Stand of the respondents is that even though the P.G. Medical Education Regulations, 2000 provides for minimum 40% as qualifying marks for
Scheduled Castes /Scheduled Tribes and Other
Backward Class candidates but scheme of examination is to be framed by the University as per the instructions of the State Government. According to them, system of negative marking is part of
Ordinance 278-E of the University Ordinances.
What should be the reservation policy of the
State Government and what should be its extent, has to be decided by the State Government. Reliance placed by the learned counsel for the petitioners on
Article 16(4-B) of the Constitution (introduced vide 81th Constitutional Amendment of 2000) is wholly misconceived. That article, besides being an enabling provision, would only apply to the matters relating to public employment and not to the process of admission to educational institutions. What should be the system of examination and further, whether or not there should be system of negative marking are all issues which are the domain of the
State Government and the concerned University to be delebrated and decided upon with the aid of experts in the field of academics.

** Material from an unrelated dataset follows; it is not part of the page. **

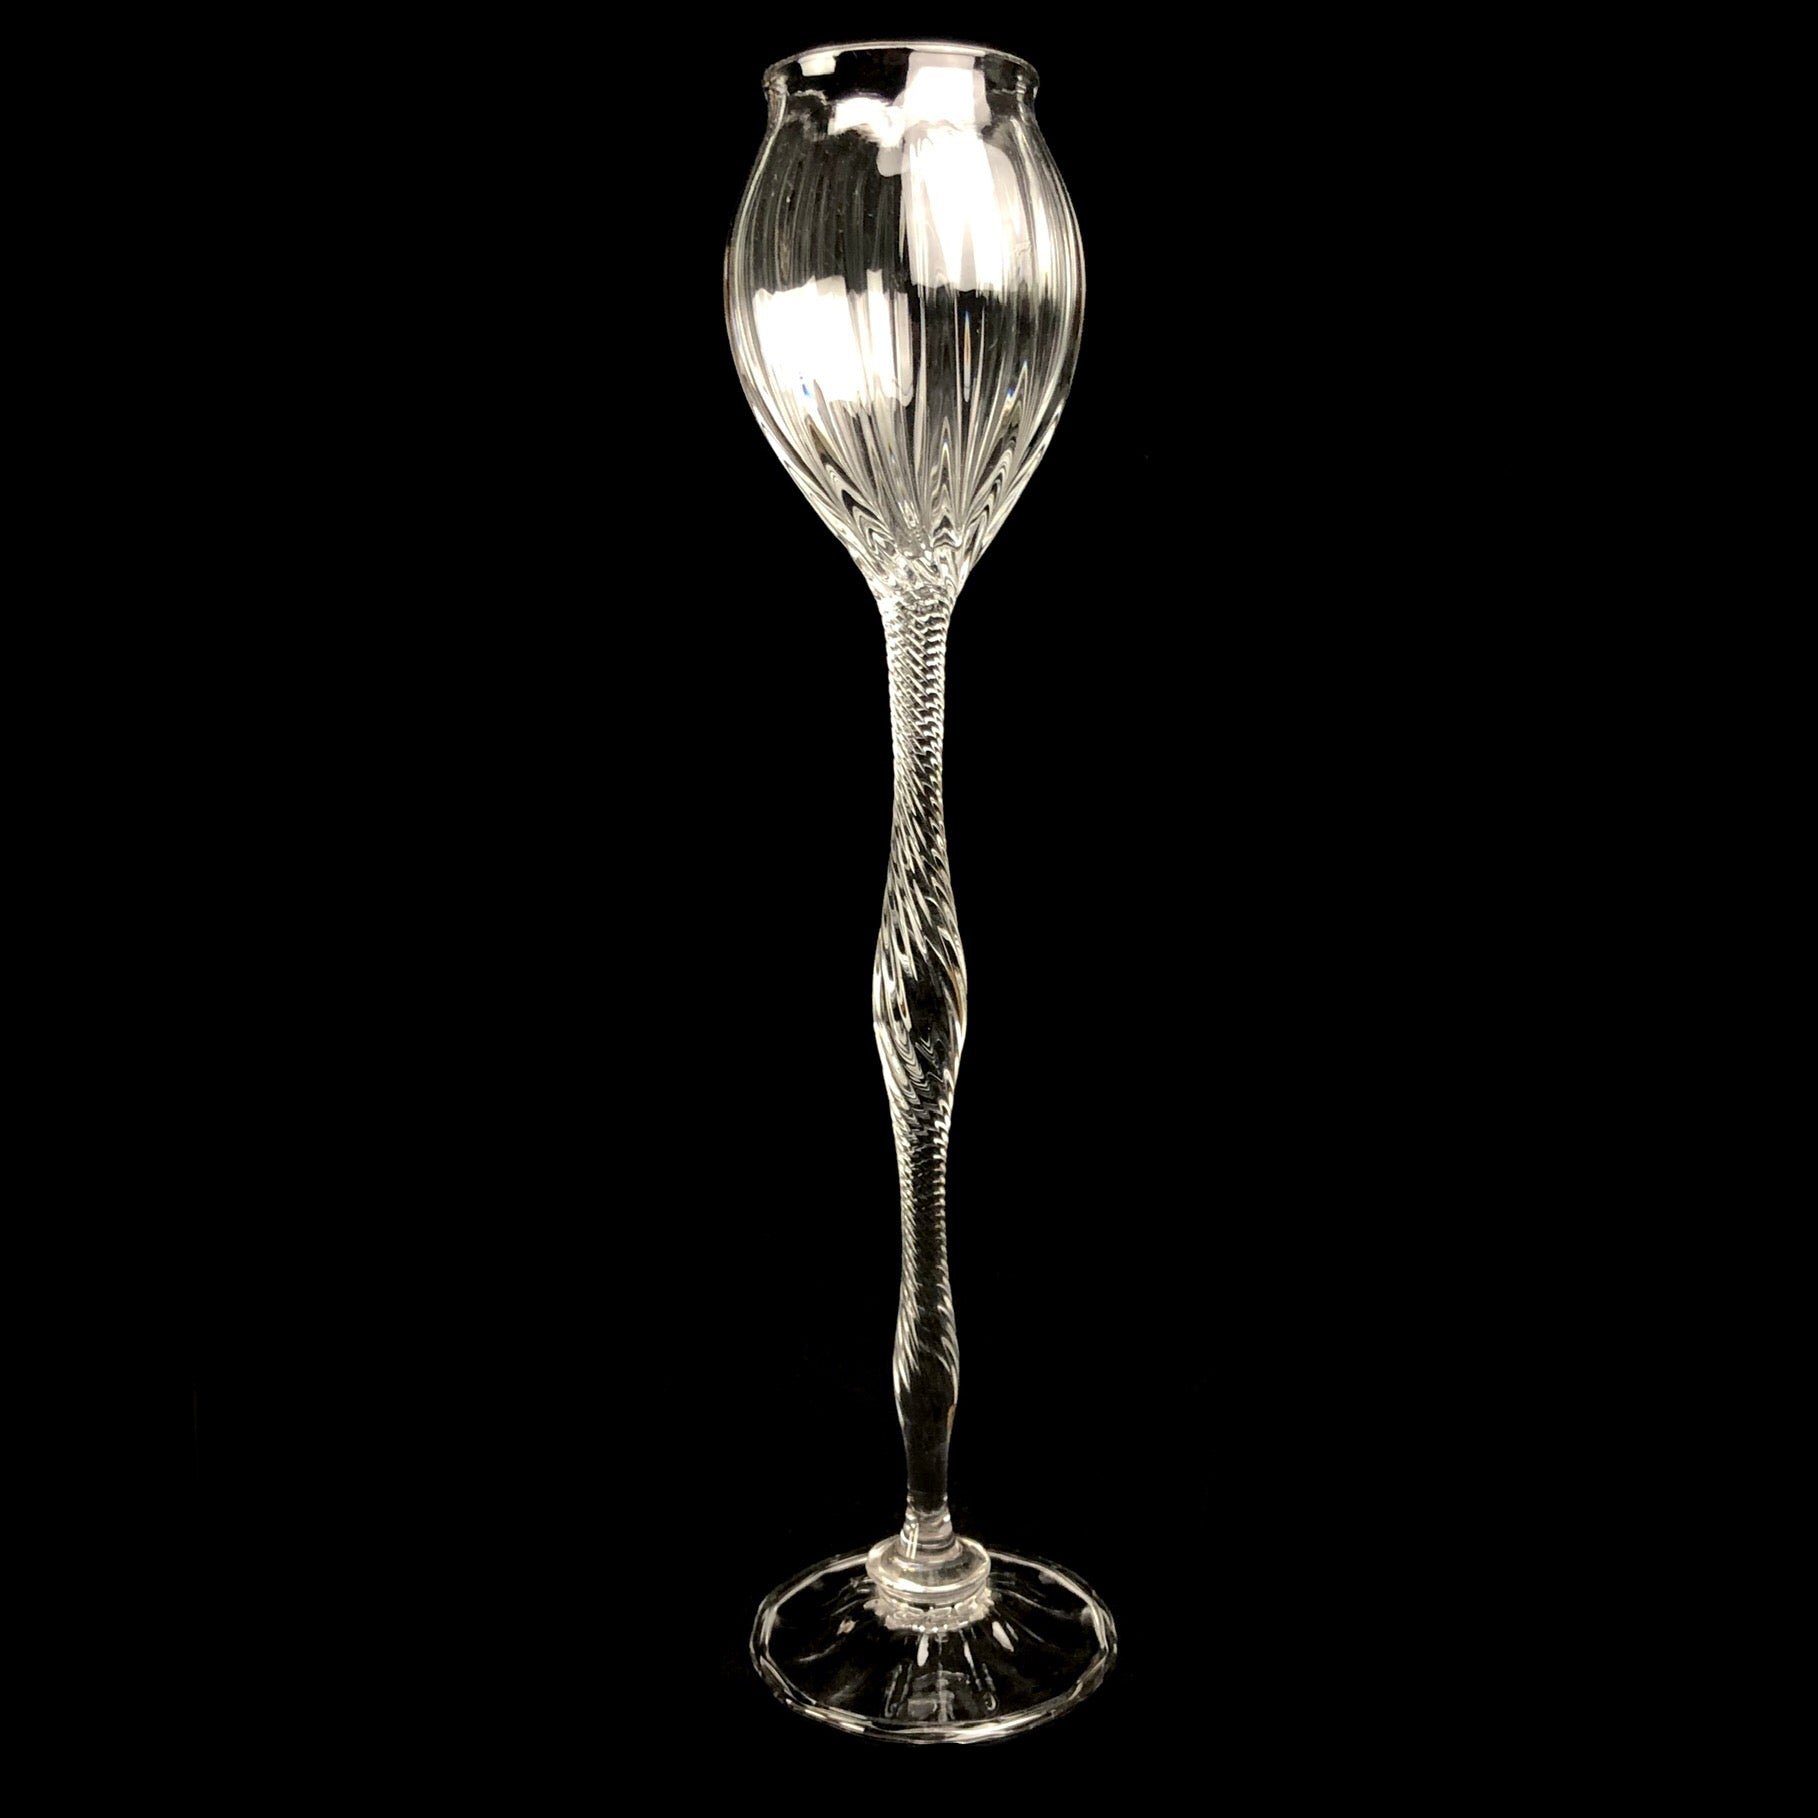 Clear glass goblet with ornate stem

This Court in exercise of its power of judicial review under article 226 of the
Constitution therefore cannot by issue of writ of mandamus, call upon the respondents to frame their scheme of examination in a particular manner or abandon part of the examination scheme which has been in vogue for sometime. At the same time, however, petitioners are set at liberty to make a detailed representation to the State Government by giving the datas of the past examinations on the basis of which they want the State Government to take a view on the recommendations of the Government of India contained in the letter dated 12/9/2001. If any such representation is made, the State
Government shall consider the same in consultation with the Medical Council of India and the Rajasthan
University of Health Sciences and take a final view in the matter as expeditiously as possible but in no case later than the notification of the Pre-P.G.
Both these writ petitions are accordingly dismissed though with the aforementioned observations.